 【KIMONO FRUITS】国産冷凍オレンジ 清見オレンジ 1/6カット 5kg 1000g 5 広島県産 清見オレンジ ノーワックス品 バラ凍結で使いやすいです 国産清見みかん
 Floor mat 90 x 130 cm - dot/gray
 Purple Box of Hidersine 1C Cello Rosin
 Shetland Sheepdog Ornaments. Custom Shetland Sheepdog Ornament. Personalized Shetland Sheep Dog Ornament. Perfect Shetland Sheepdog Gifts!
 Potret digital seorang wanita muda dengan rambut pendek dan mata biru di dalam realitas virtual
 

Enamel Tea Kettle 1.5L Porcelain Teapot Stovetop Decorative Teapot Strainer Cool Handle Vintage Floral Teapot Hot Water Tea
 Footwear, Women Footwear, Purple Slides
┄┄┄┄┄┄┄┄┄┄
WORK REQUIRED: Your answer should be a single number: the count of lines in the entries that contain "Purple".

SOLUTION TO THIS EXERCISE: 2